I've been struggling lately. I don't know if it's the upcoming surgery that has me more contemplative. I've been thinking about Michael, myself, our relationship, and his future. I'm an enabler. I have a hard time telling Michael "no" when he asks for something, but especially since Amanda died. I know there were many times when Amanda was still alive that she'd ask for something (i.e. to have her nails done), and we said "No" when it would have been just as easy to say yes, even if it hurt a little financially at the time. Since Amanda died, I look back at all of those lost opportunities for the relationship to be built, those times to connect. Not that we should have said yes to everything and spoil her, but what really would it have hurt to say yes more than we did? And so I have some regrets and I don't want to have those with Michael, BUT...
Michael is my baby...he will always be my baby, but he is not A baby, and I need to let him fall sometimes on his own without trying to swoop in and prevent...what? Financial hardship of his own making? Him feeling the repercussions of poor decision making and lack of planning? What I'm really preventing are learning opportunities for him to grow, to feel the sting and say OUCH! I shouldn't do "that" again.
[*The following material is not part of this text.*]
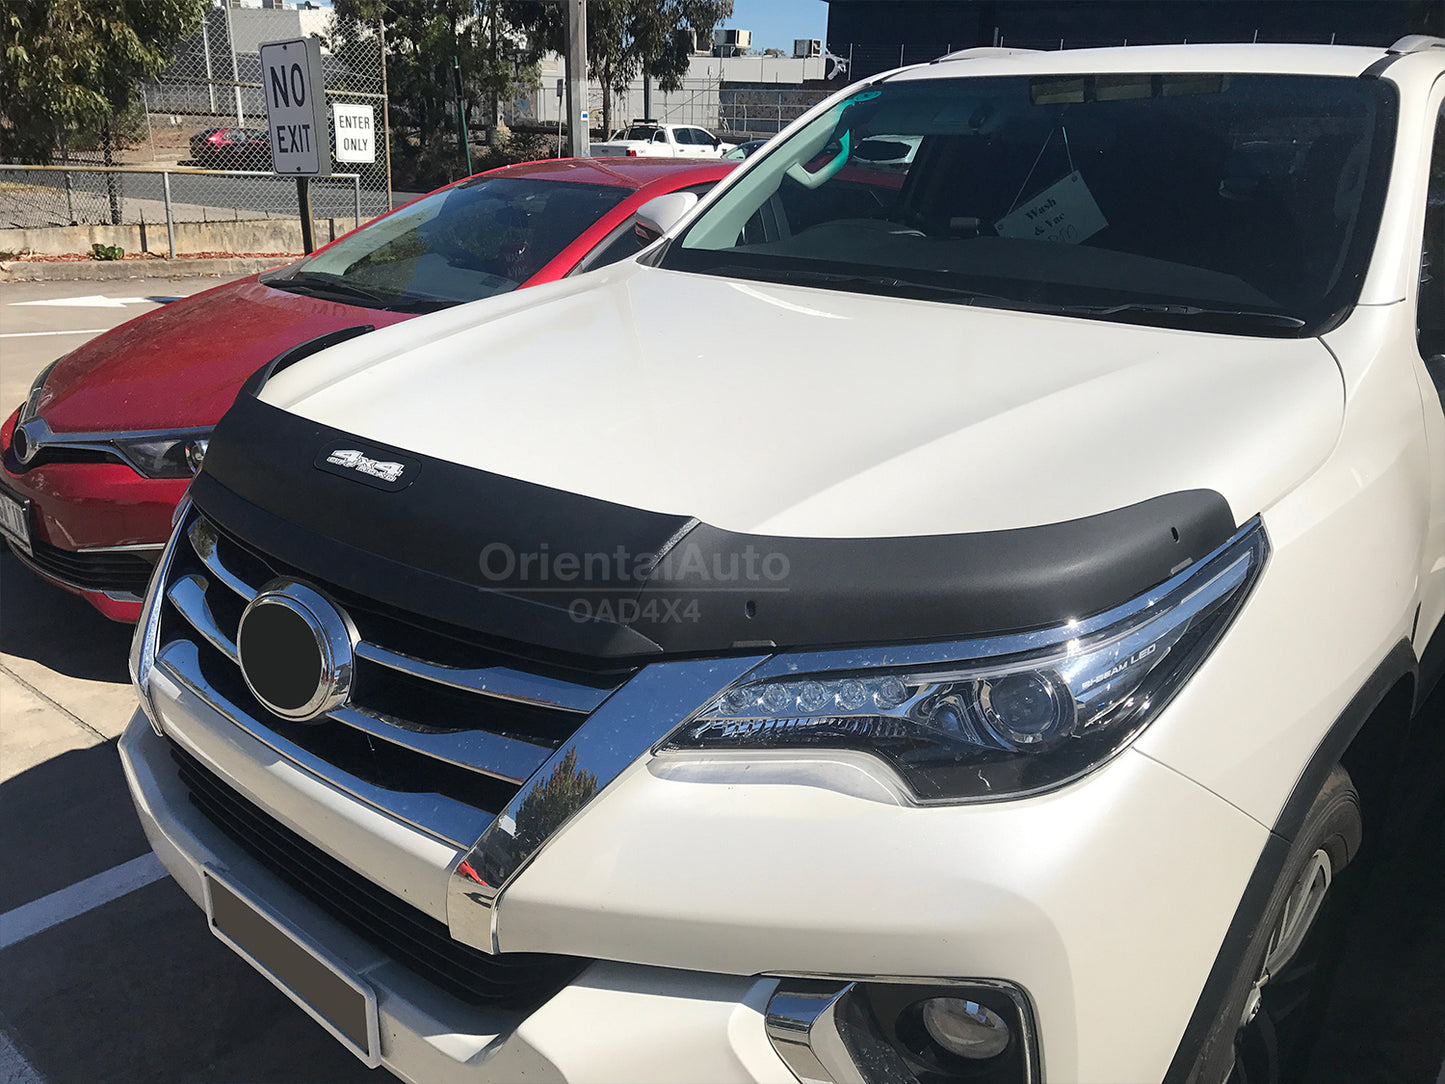 Injection Modeling Bonnet Protector & Injection Weathershield for Toyota Fortuner 2015-2020 Weather Shields Window Visor Hood Protector Bonnet Guard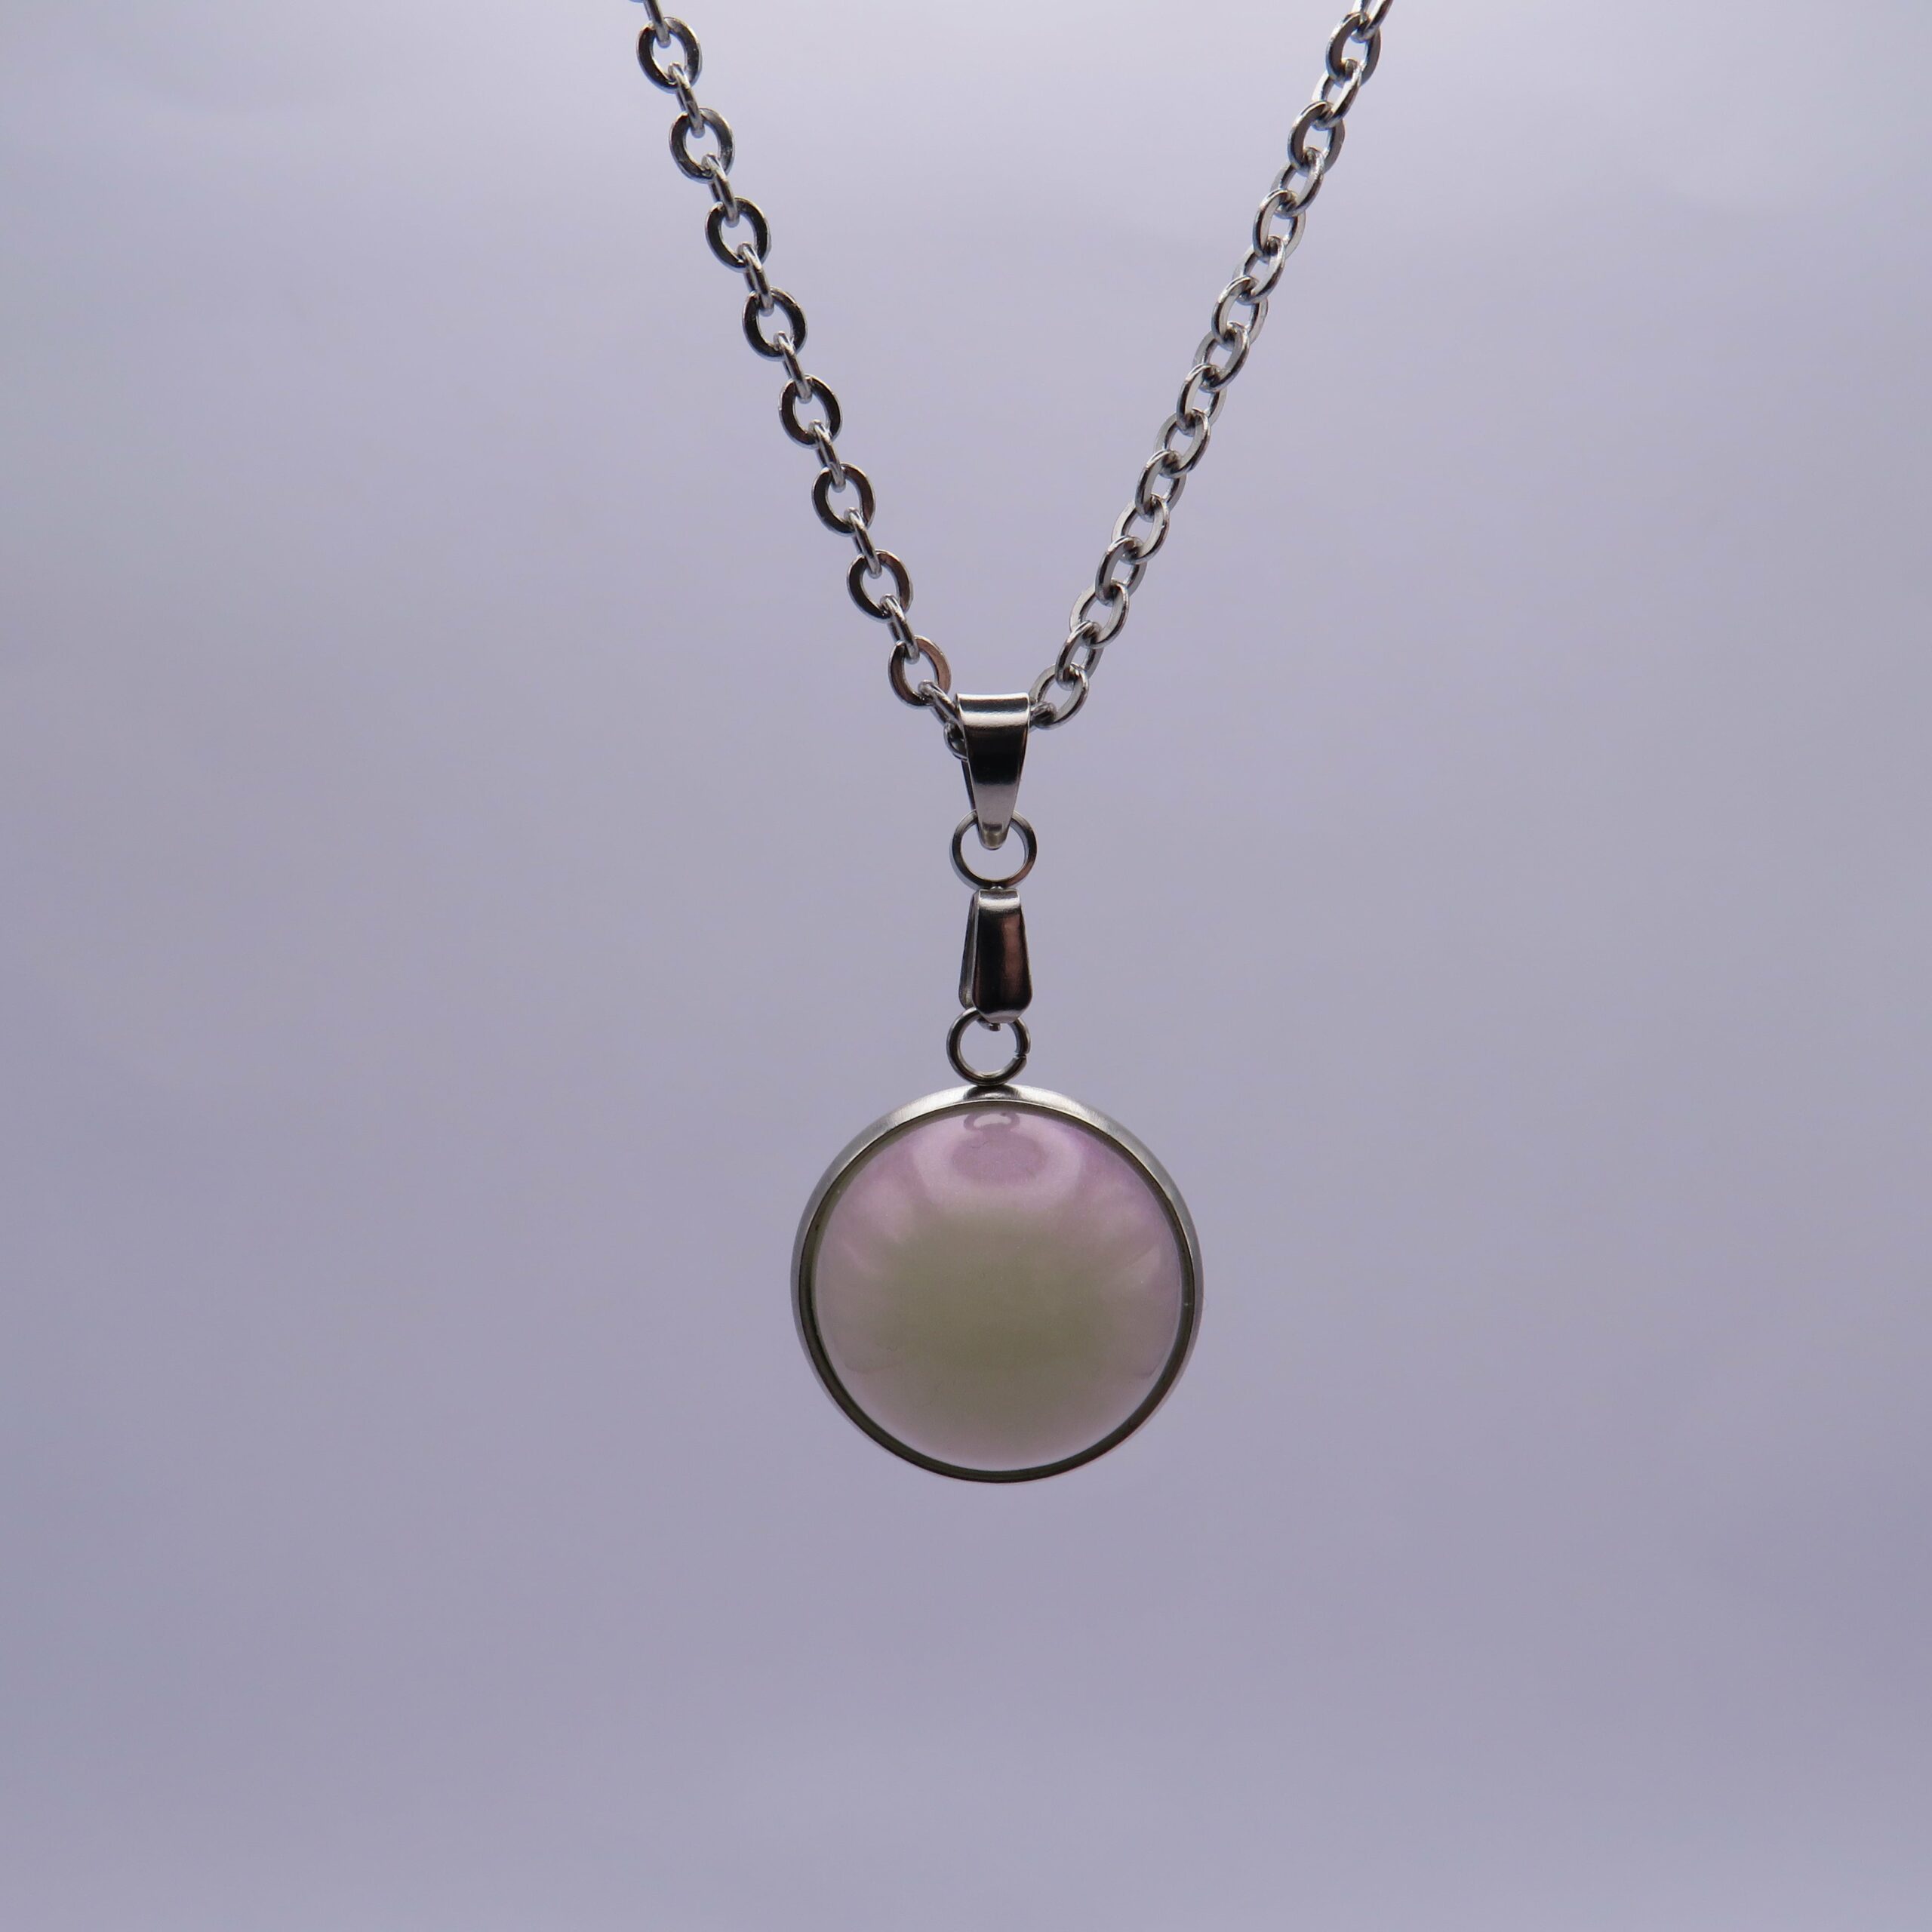 Stainless Steel White Resin Cabochon Medium Pendant Necklace

In the last two months or so, we've spent a lot of money on Michael. Now granted, we CHOSE to do this, so he could go see his father and sisters. We feel that was important. But see, it wasn't just the flight and travel money, then it's money to make up for his lost work when he gets back. It's hey, I forgot I need my meds, may I please get some money? And I rationalize, well those are important, so here's the money. And then it's that he needs contacts. Again, I rationalize the importance of those and purchase his eye appointment and 2 years of contacts....but the last time I bought them we were leaving NC and I told him he had two years to start budgeting and saving for the next go-round. Fast forward two years and there I go paying again. And it's gas money sometimes, and his check was short so can I help him pay rent? There's a litany of occurrences. He always expresses his great thankfulness, so there's that, but...he's 26 now. Yesterday he texted me this sweet note but was asking if I would "help" him get his fishing license so he could take Sara out on a boat fishing at River Park North. I lied to him and said I didn't have the money. I felt terrible for lying to him and I thought saying No might split me in two. Then I worry about, well is he going to put it on his credit card and just add to his debt then?? He likes to go and do like we all do, but he doesn't have the income for it...at all. So since I'm connected to his checking account and I can see when he's gone to Christy's Euro Pub and blown money that, had he planned ahead, could have been used for X, Y, or Z, and then he asks me for money, it bothers me. So I'm not mad at myself for saying No, (I mean clearly I say "yes" too much!), but then the guilt starts of....would I look back on this if something were to happen to him and regret it? In this instance, I definitely think not. It's just a struggle. Letting go. Needing him to grow up, but then I've been preventing that in many ways. I mean, he pays his bills, gas, etc., 99% of the time, he just needs to learn to budget and plan ahead. Part of me thinks...well geez, at 26 I had a 2-year-old and a 7-year old....but he's not me, and I've been enabling this behavior of spending all I have and then asking mom when I can't do _____.